→ **Data**
:::::

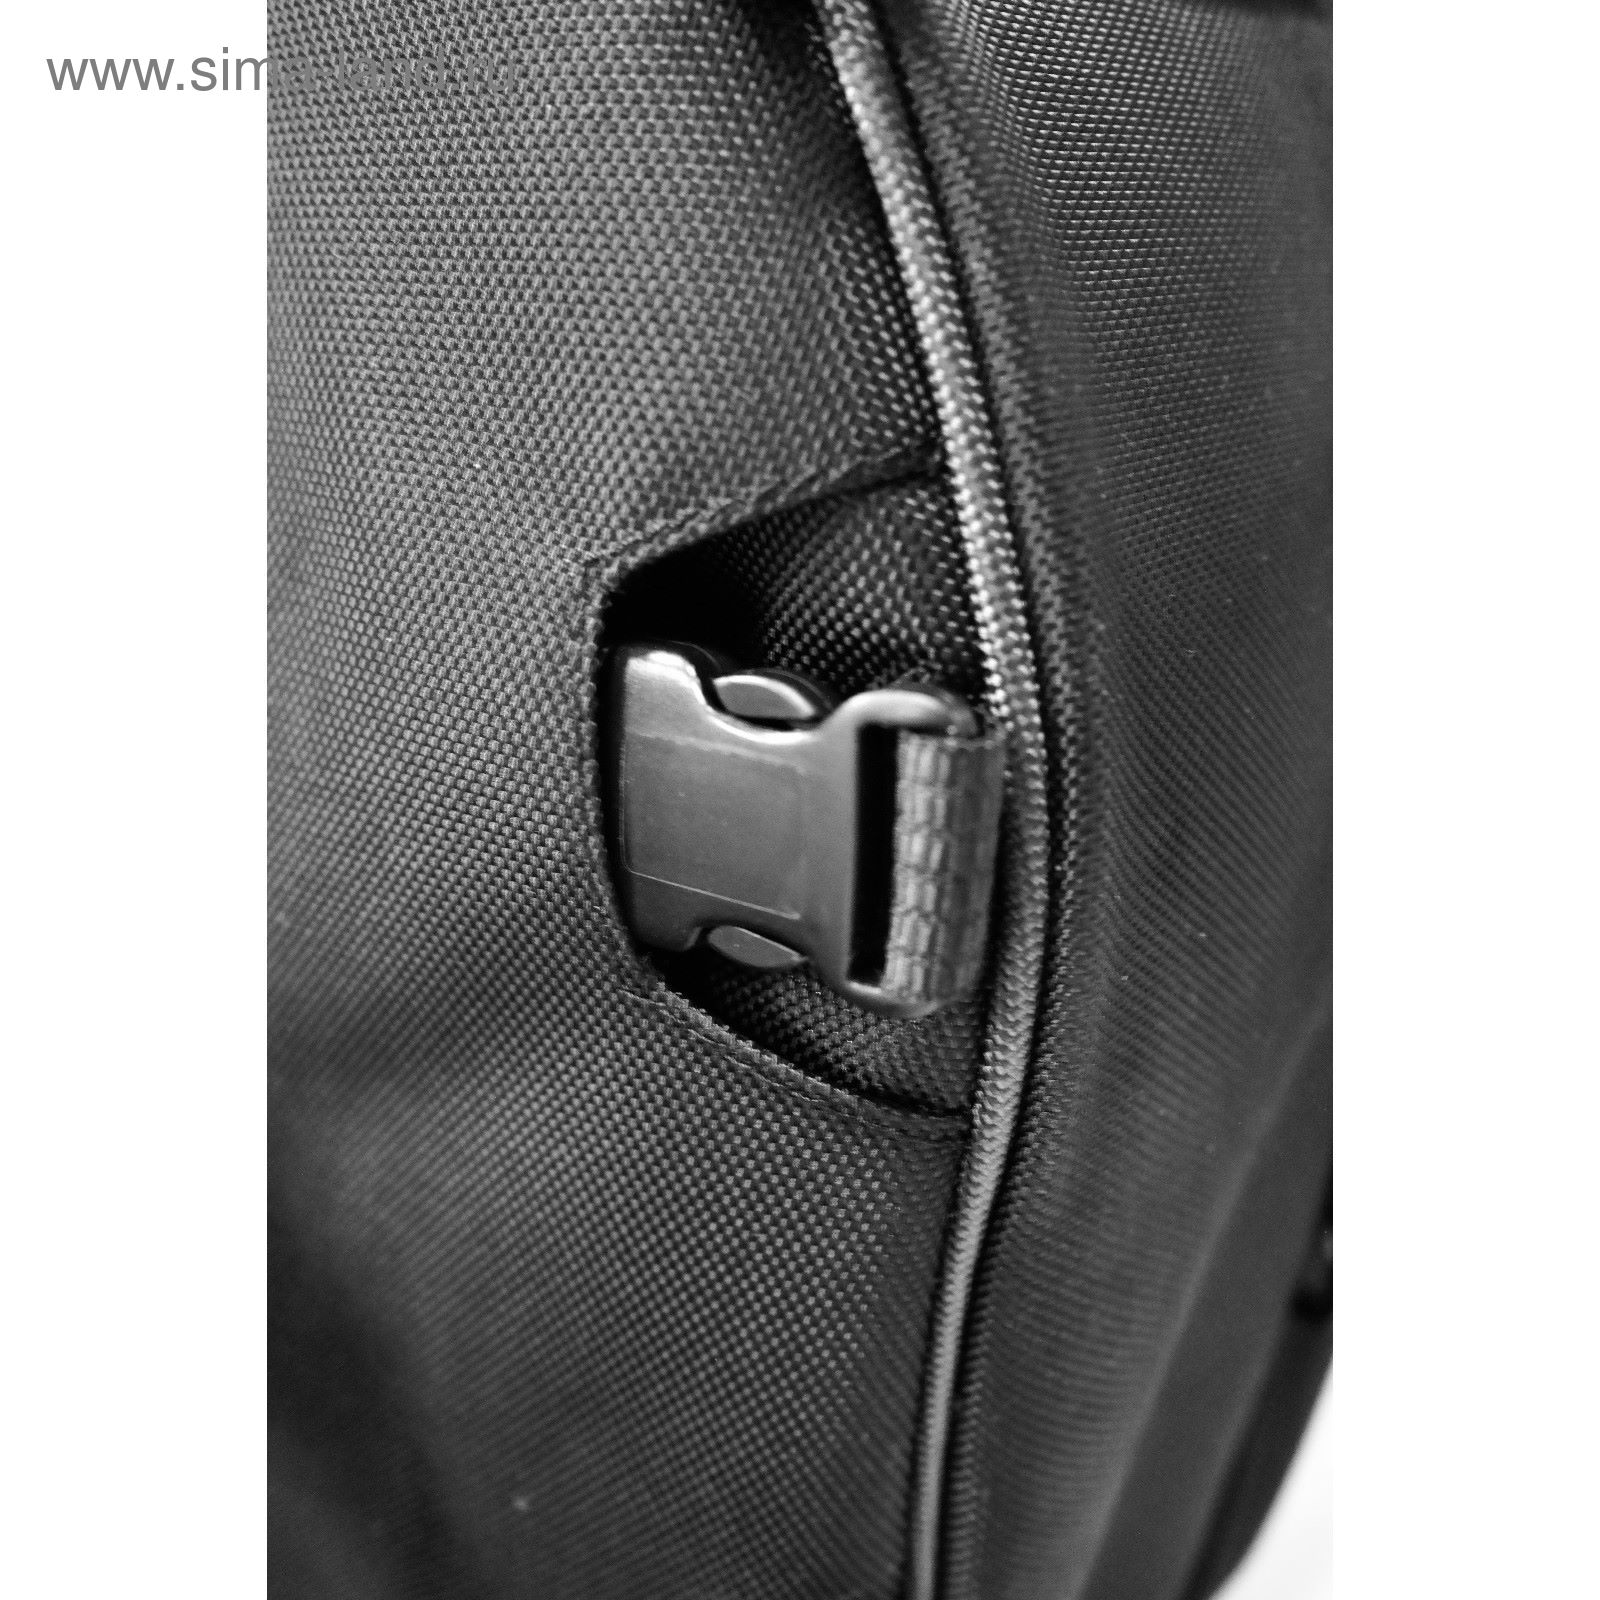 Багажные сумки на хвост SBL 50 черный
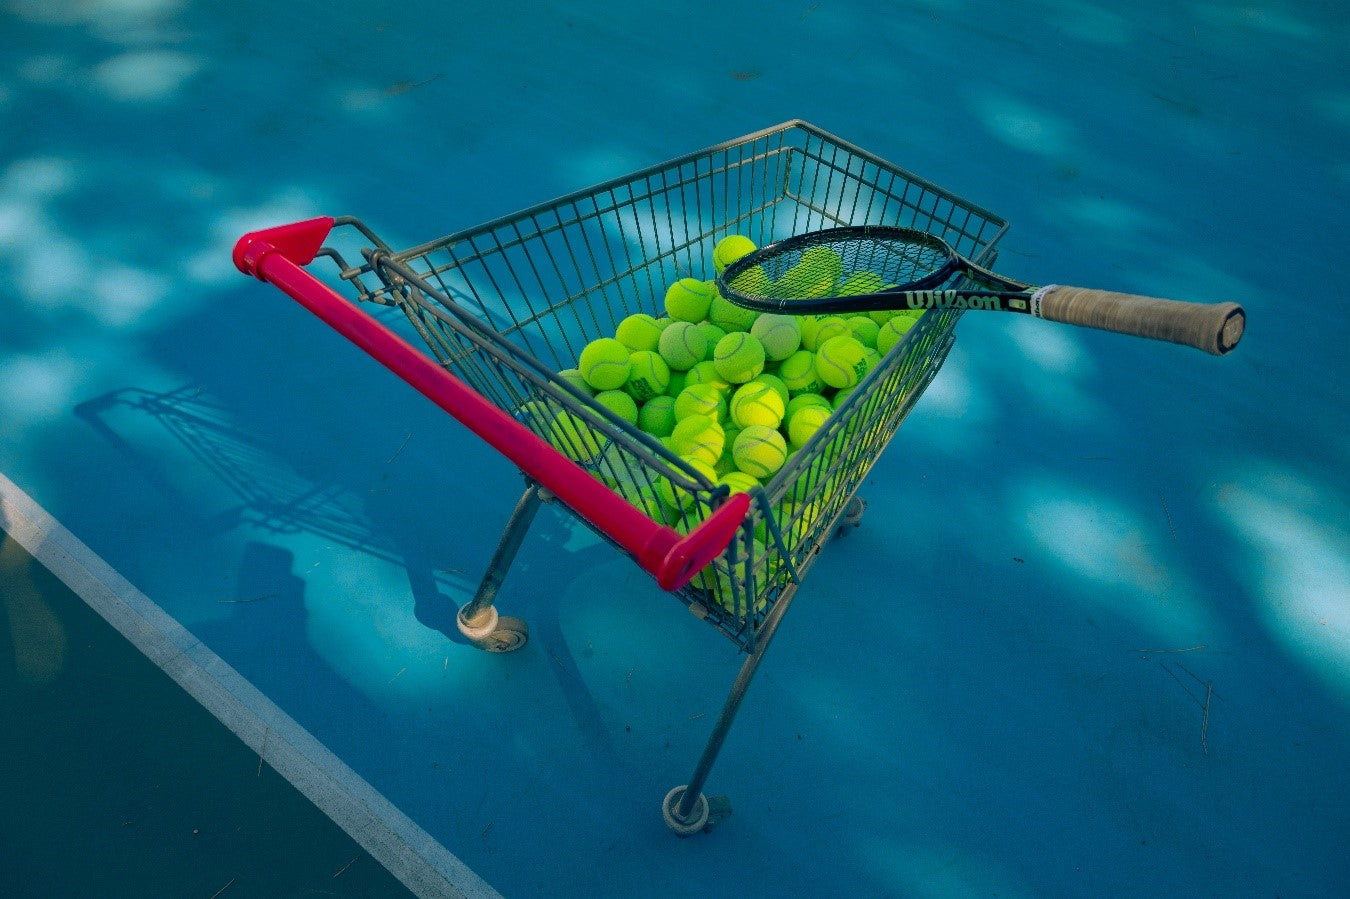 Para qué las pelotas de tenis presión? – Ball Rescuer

:::::

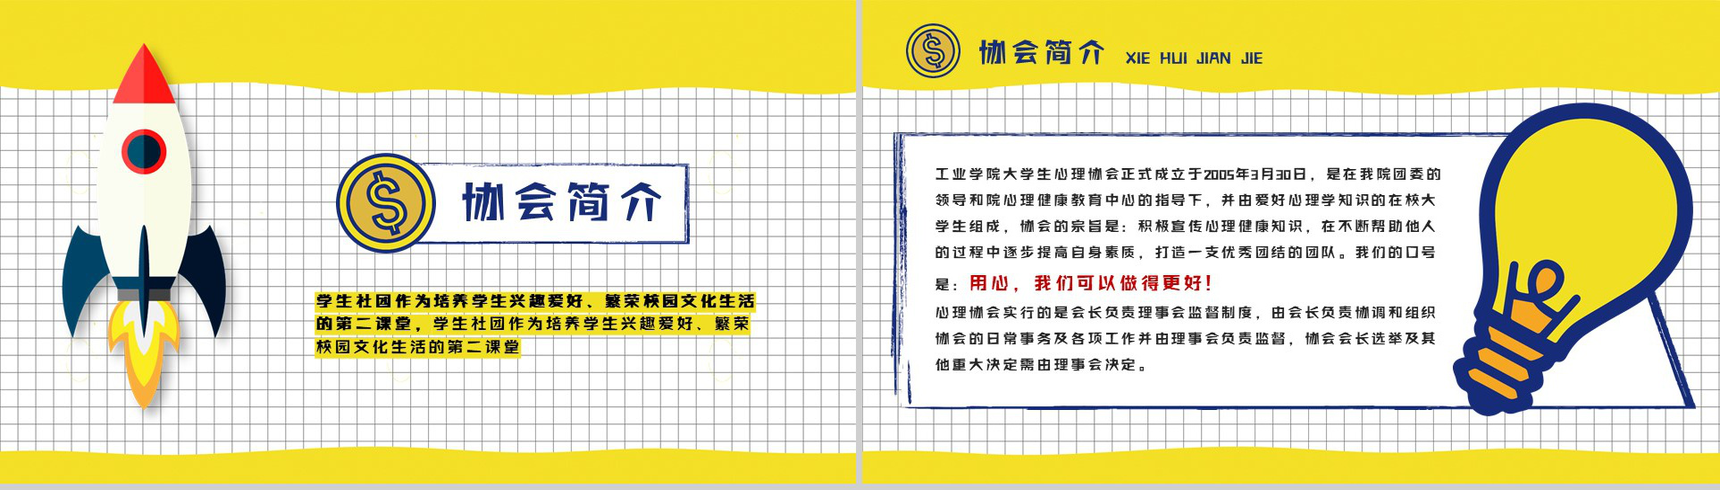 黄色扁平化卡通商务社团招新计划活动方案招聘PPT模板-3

:::::

→ **What this task involves**
Both boundary lines included, write out word for word only the lines above from the one containing "Багажные сумки на хвост SBL 50 черный" to the one containing "Para qué las", leaving out any pictures.

→ **Exercise response**
 Багажные сумки на хвост SBL 50 черный
 Para qué las pelotas de tenis presión? – Ball Rescuer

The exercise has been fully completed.